Personal tools
  •  
You are here: Home Collaborate Supplying historical Portuguese web contents

Supplying historical Portuguese web contents

Anyone can contribute for preserving the Portuguese web by supplying historical contents.

The Portuguese Web Archive (PWA) periodically crawls the Portuguese web since January 2008.

However, contents previously published must be gathered from external sources to be archived in our system. 

If you have web contents interesting for the Portuguese community and want to contribute for their preservation, please contact us.

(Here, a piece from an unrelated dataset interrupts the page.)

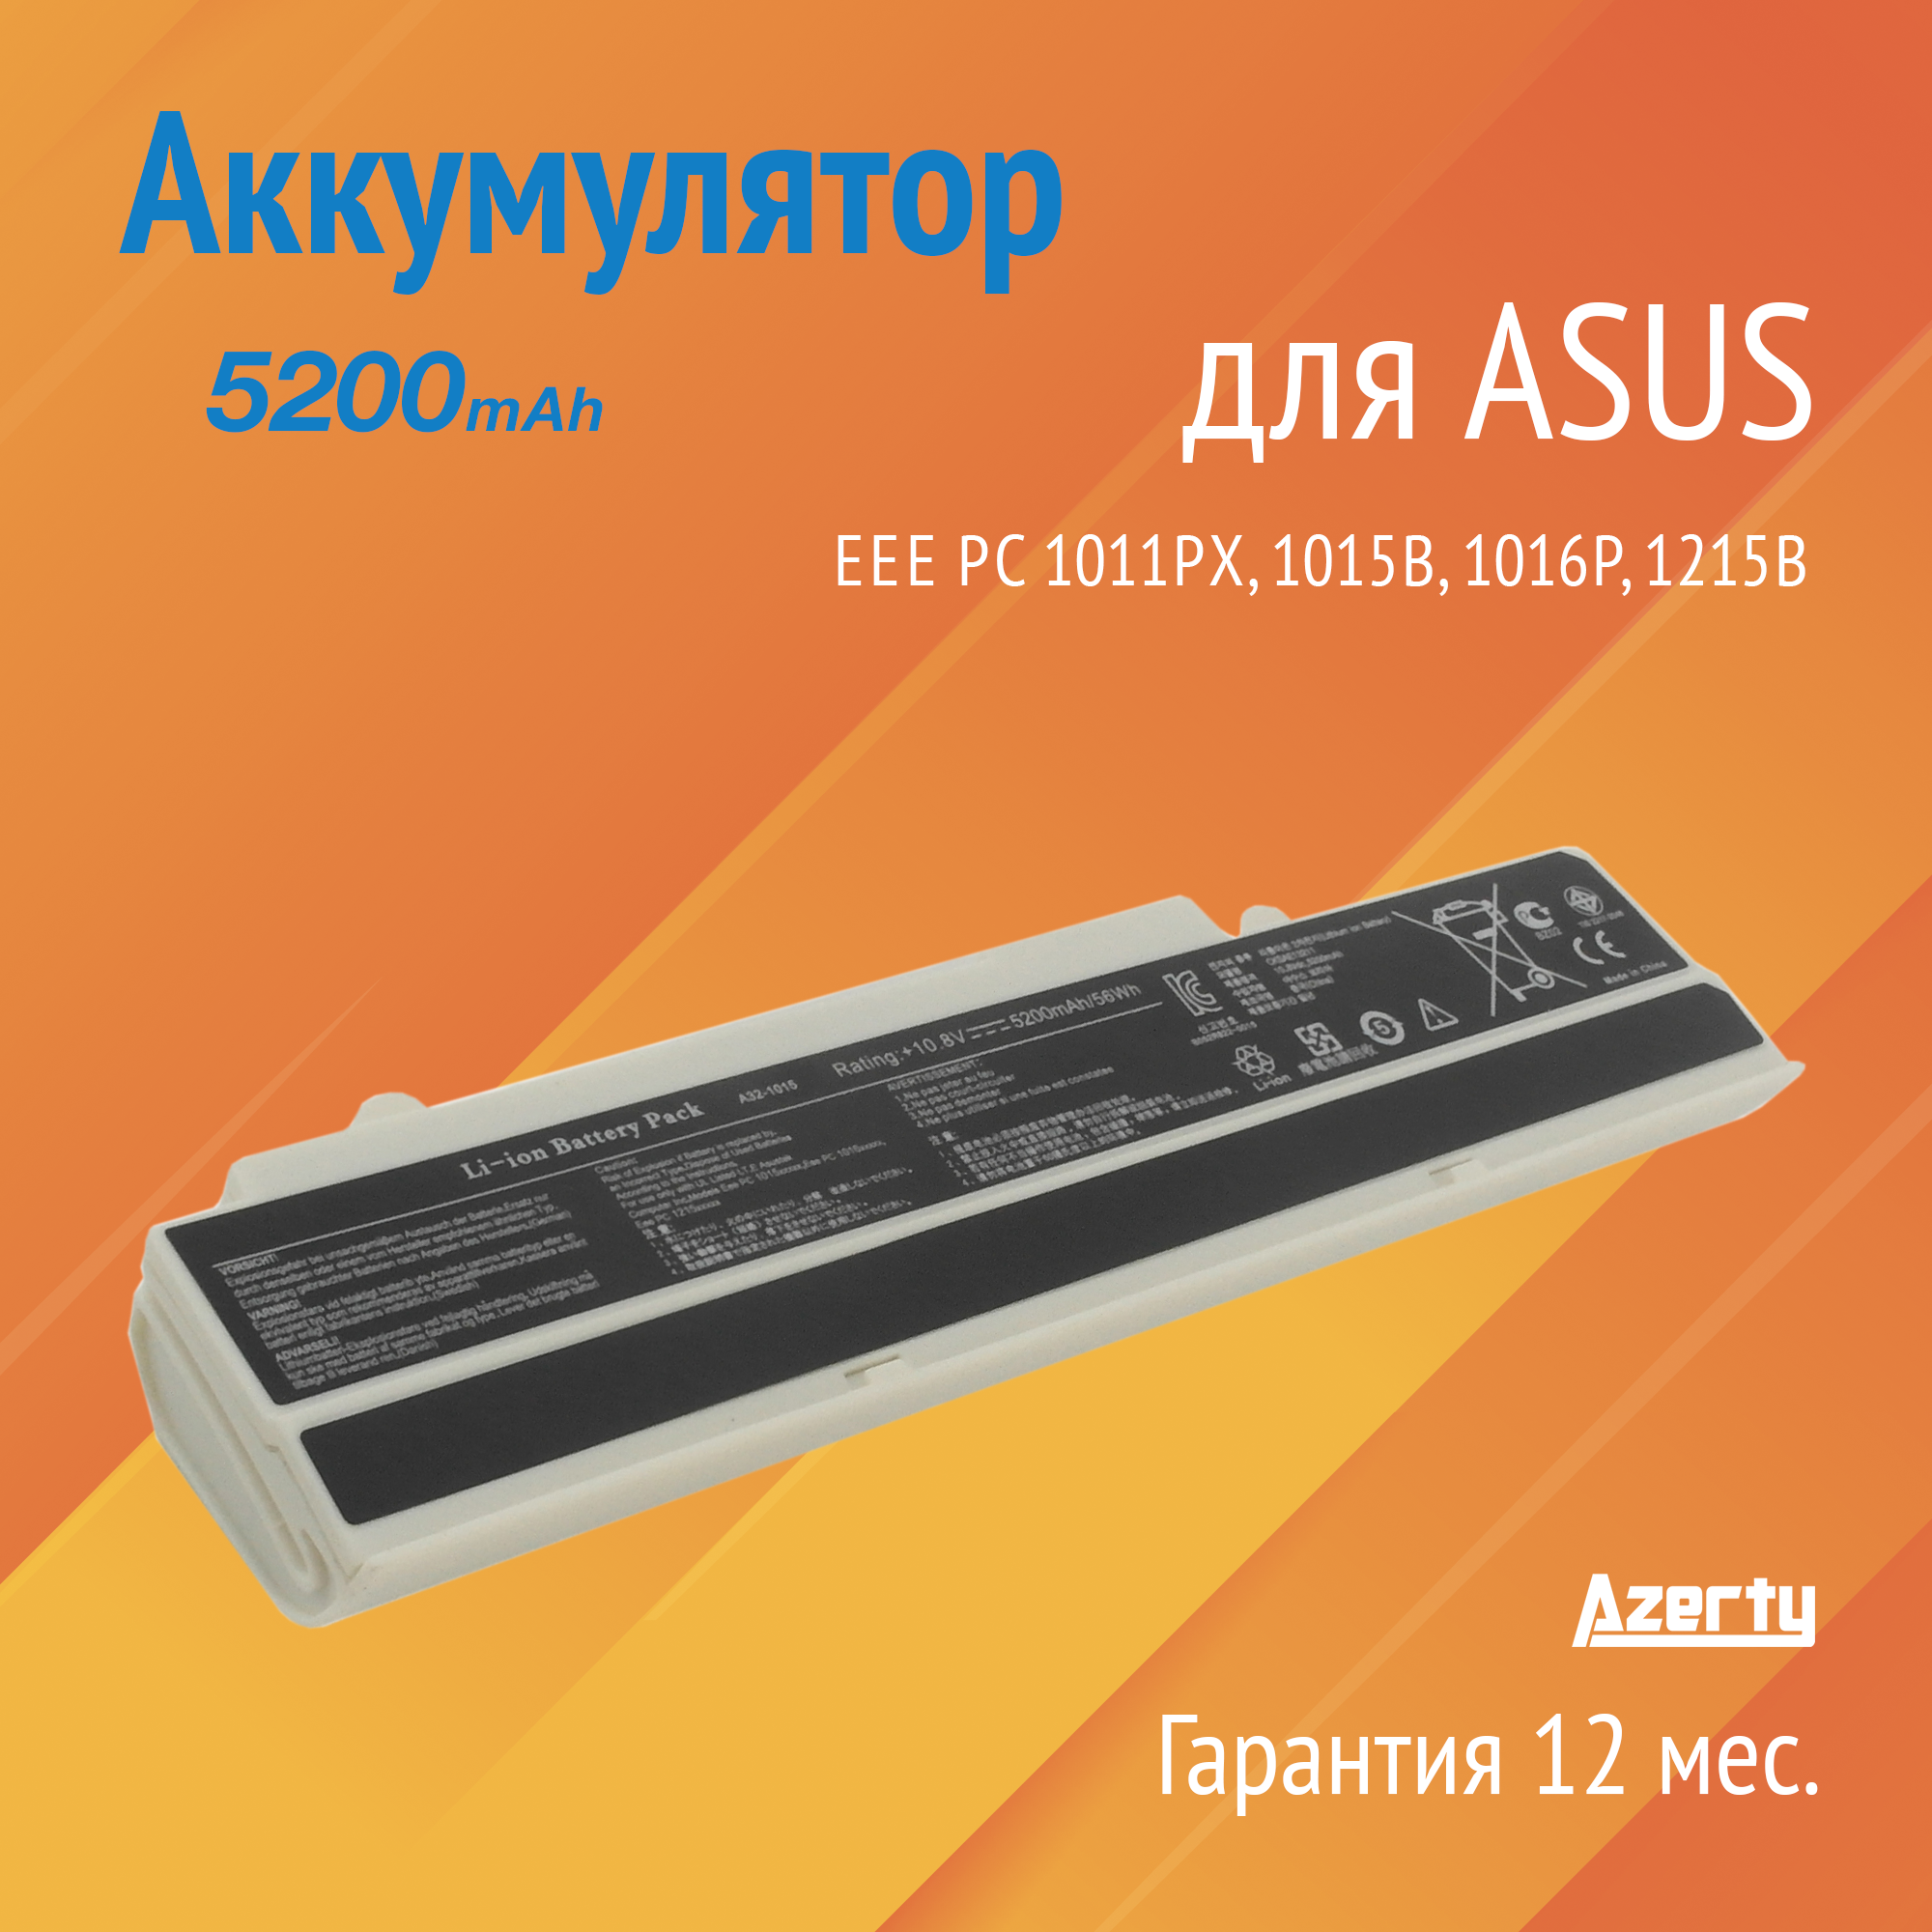 Аккумулятор A32-1015 для Asus Eee PC 1011PX / 1015B / 1016P / 1215B (A31-1015 PL32-1015) белый

We consider that all contents published on sites under the .PT domain are part of the Portuguese web and must be preserved. However, contents hosted under other domains, considered of interest for the Portuguese community, will also be accepted.

Should I supply only old contents?

We are interested in receiving contents that are no longer available online, independently from their publication date.

The web is extremely dynamic and the lifetime of most contents is very short.

Thus, many contents are lost because they become unavailable before we can gather them, even though we perform periodic crawls of the Portuguese web.

Backups of Portuguese web sites are a good example of contents that may be provided to the PWA.

How can I supply contents?

The PWA system stores the archived contents using the ARC format. Ideally, contents should be supplied using this format.

However, it's natural that most people do not use it to keep their files. Therefore, we accept Portuguese web contents kept in any format.

Later, the Portuguese web archive team will convert them to the ARC format, so that they can be integrated in our system.

To facilitate this task we would appreciate that the largest amount of meta-data would be supplied along with the contents, specially:

  • the web site address(es). If there are several web sites, please group the contents belonging to each one of them on a separate directory;
  • the content addresses (URL). If you are providing a local copy of a site please maintain the original file names. If you are supplying contents that you gathered from the web please provide their original URLs;  
  • the content dates. Supply the date when each content was published or saved. If you do not know the exact dates, please supply approximate dates;
  • the content media type (MIME). Please maintain the original file name extensions of the contents (e.g. .gif, .html, .jpg). If possible, provide the full HTTP header for each content. It is particularly important to provide the media type for contents dynamically generated that do not contain file name extensions.

Do not hesitate to contact us

Supplying and integrating historical web contents is a complex task. 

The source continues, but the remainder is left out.